How Real Estate Developers Can Track Payments Across Multiple Projects in Real Time

Connected Banking for Real Estate Developers

Three projects are running simultaneously. Buyer payments are landing across a dozen different bank accounts. A separate RERA escrow has to be maintained for each project. And somewhere in the middle of all this, a CFO is trying to answer one straightforward question:

How much actually came in today, and which project is it for?

For a growing real estate developer in India, this is not a crisis. It is a Tuesday morning.

The gap between what your bank portals show and what your business actually needs to know is not abstract. It shows up in delayed construction decisions, finance teams buried in reconciliation, and compliance risk that quietly compounds as your project pipeline grows. The infrastructure to close that gap exists, and this article explains exactly how it works.

Why Real Estate Treasury Management Is Uniquely Complex

Real estate development is structurally unlike most businesses when it comes to managing money. You are not collecting a subscription or settling a standard invoice. You are managing multiple payment types across multiple projects, each with its own compliance obligations, bank accounts, and reporting requirements.
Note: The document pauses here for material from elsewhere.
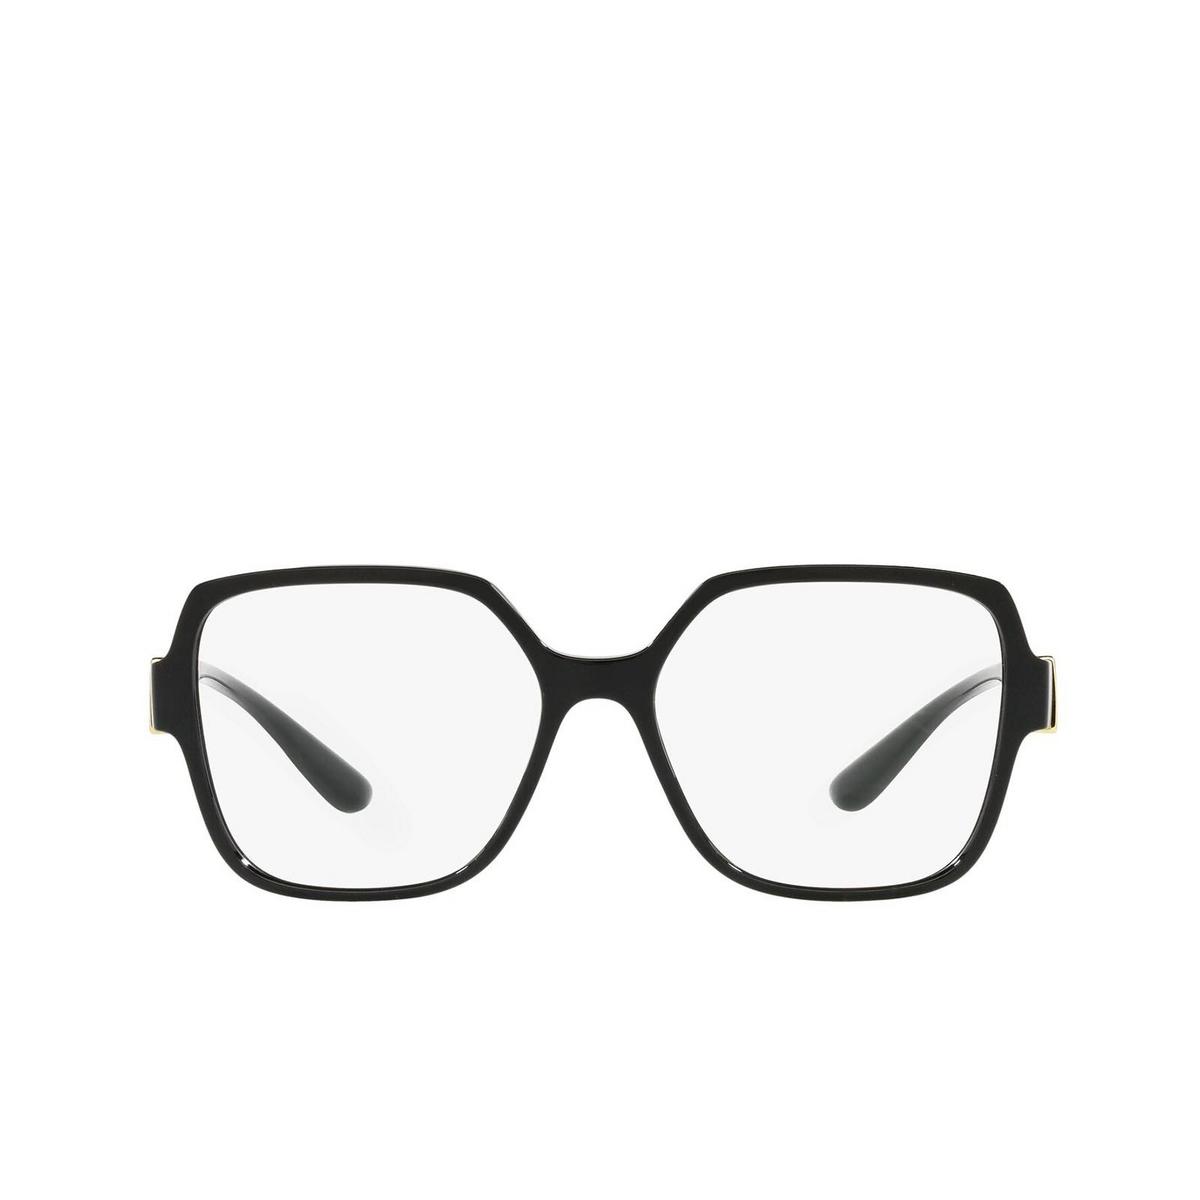 Dolce & Gabbana® Square Eyeglasses: DG5065 color Black 501 - front view.
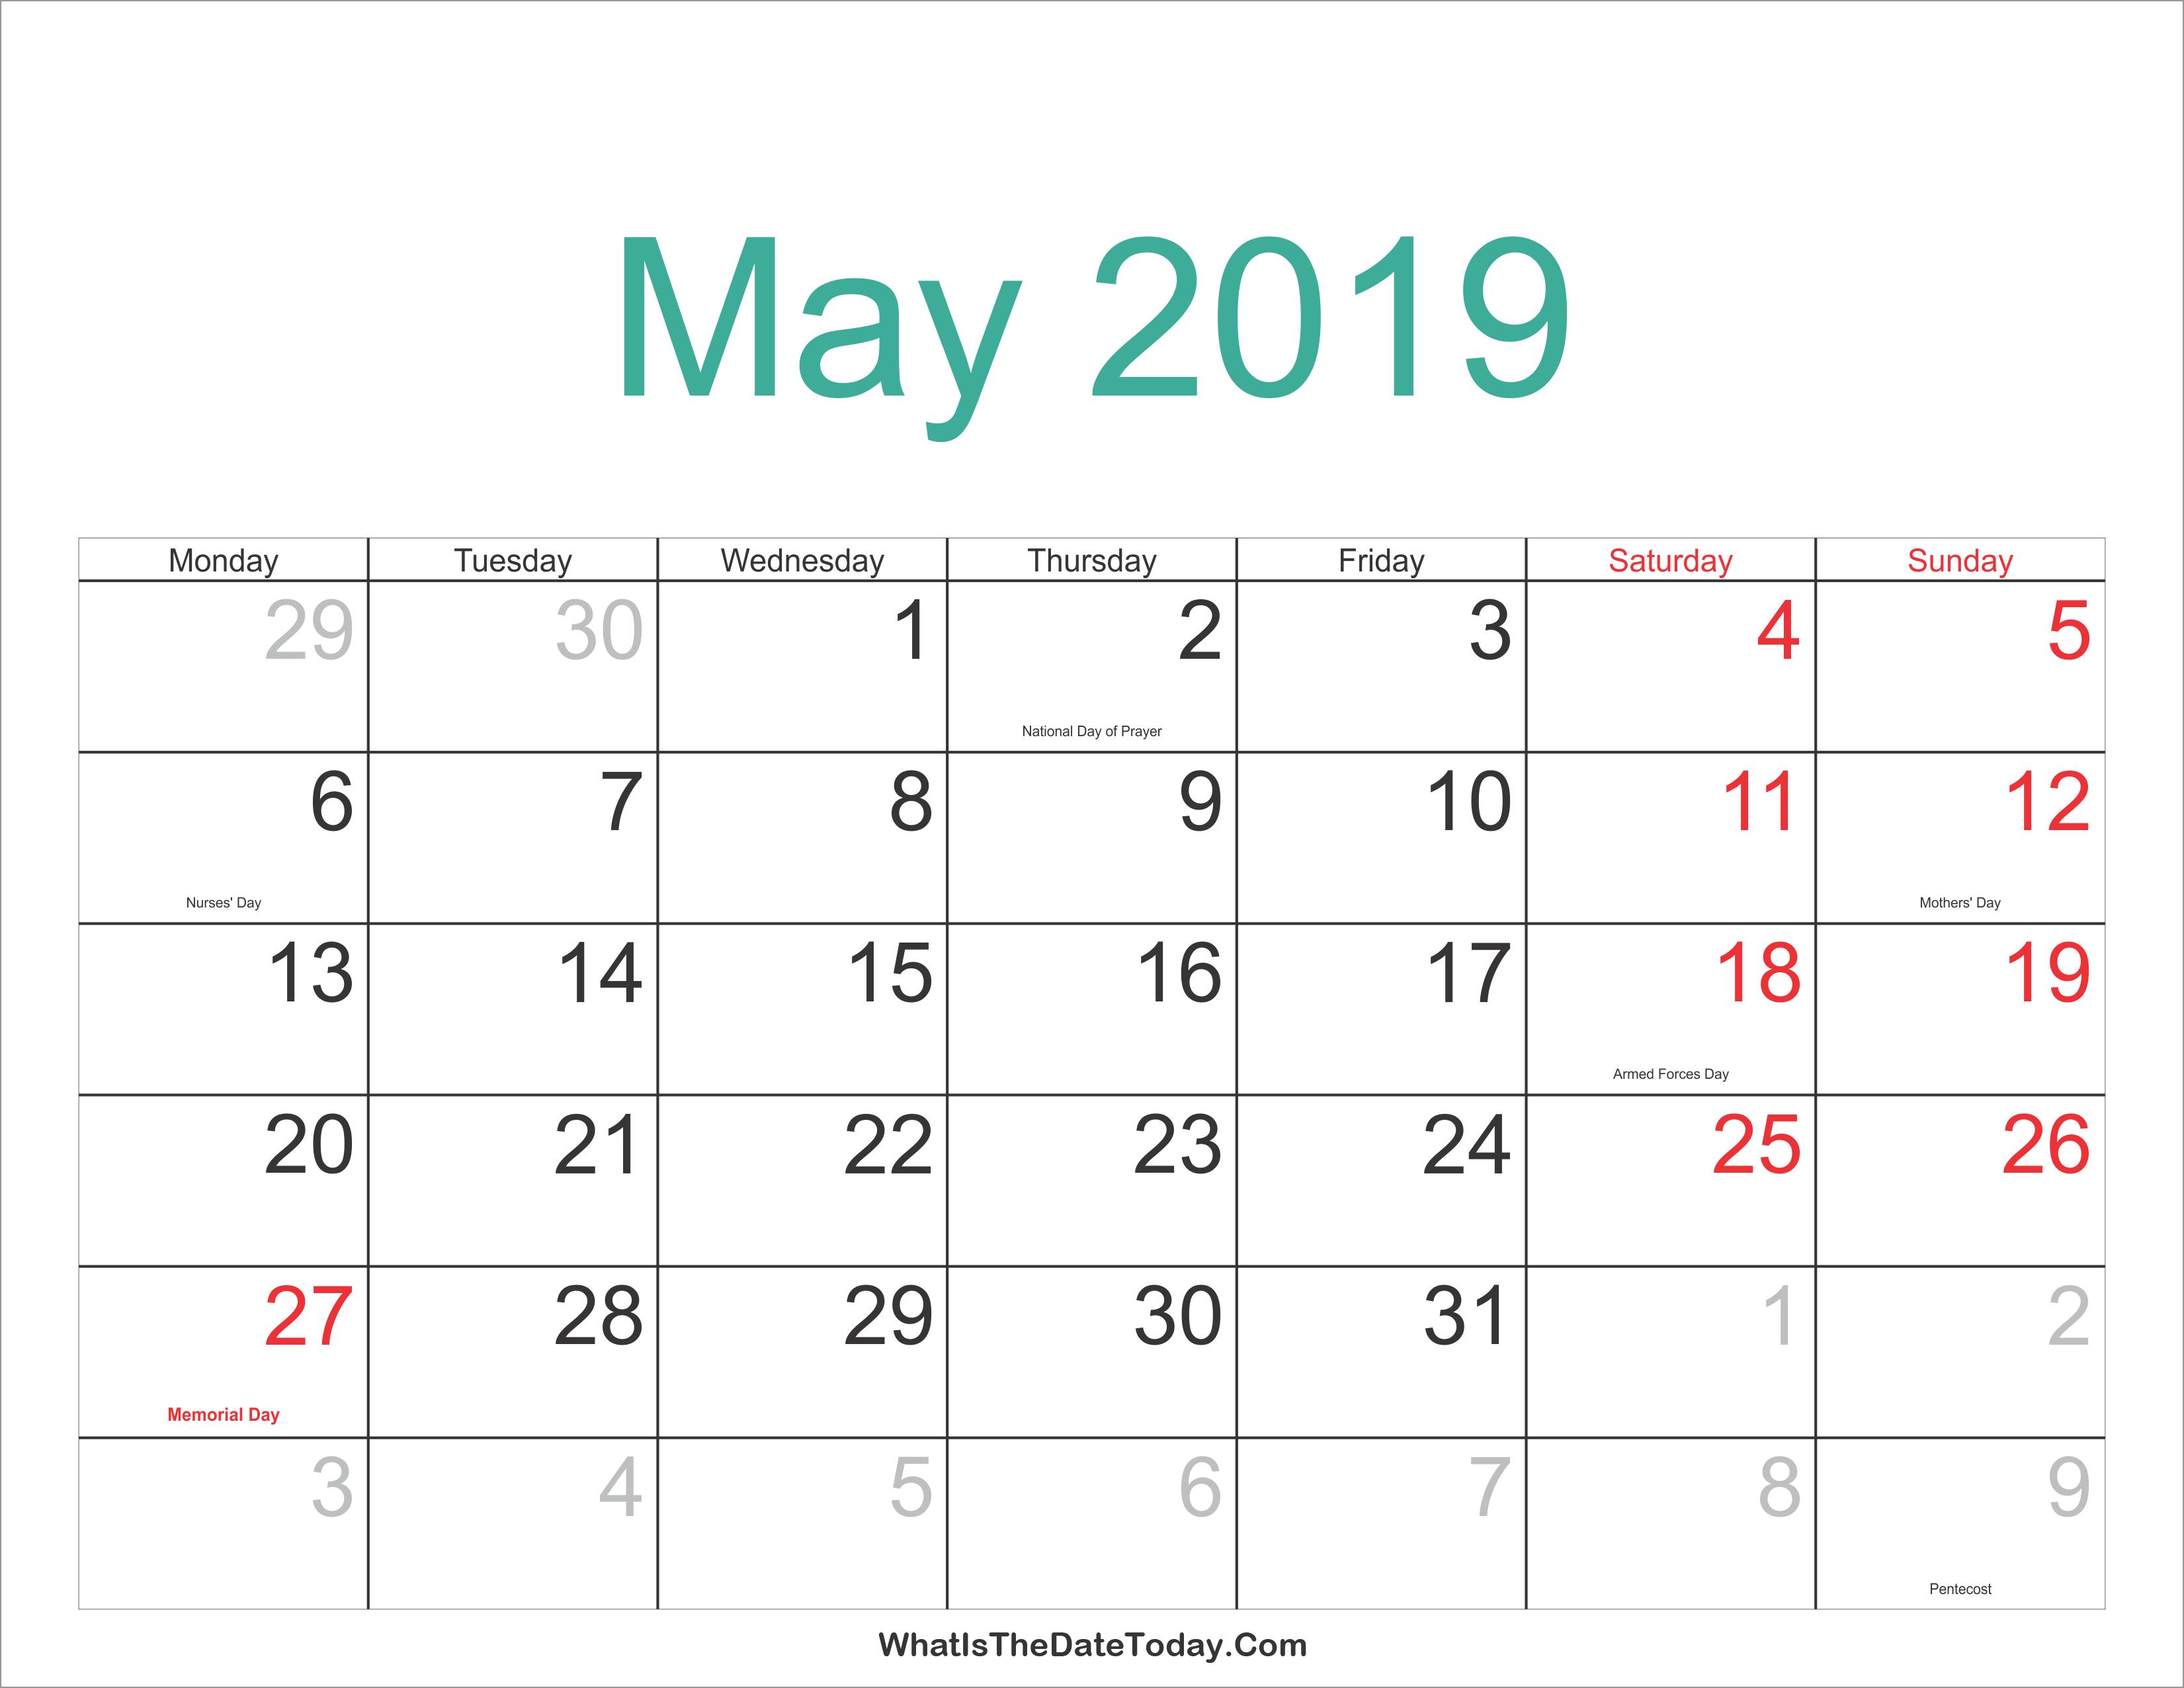 May 2019 Calendar With Holidays – Free Printable Calendar, Templates May 2 2019 Calendar

On any given week, a mid-sized developer might be receiving:

  • Booking amounts and token advances from new buyers—via NEFT, UPI, or home loan disbursals
  • Construction-linked plan (CLP) instalments mapped to specific project milestones
  • Bank loan disbursals into project-specific current accounts
  • Vendor refunds and credit adjustments across different project entities

Layer RERA on top of this: at least 70% of every rupee collected from buyers must sit in a project-specific escrow account with a scheduled bank. Withdrawals are governed by certified milestone approvals from an engineer, an architect, and a chartered accountant. Every project is effectively its own financial system, and most developers are running several of them at once.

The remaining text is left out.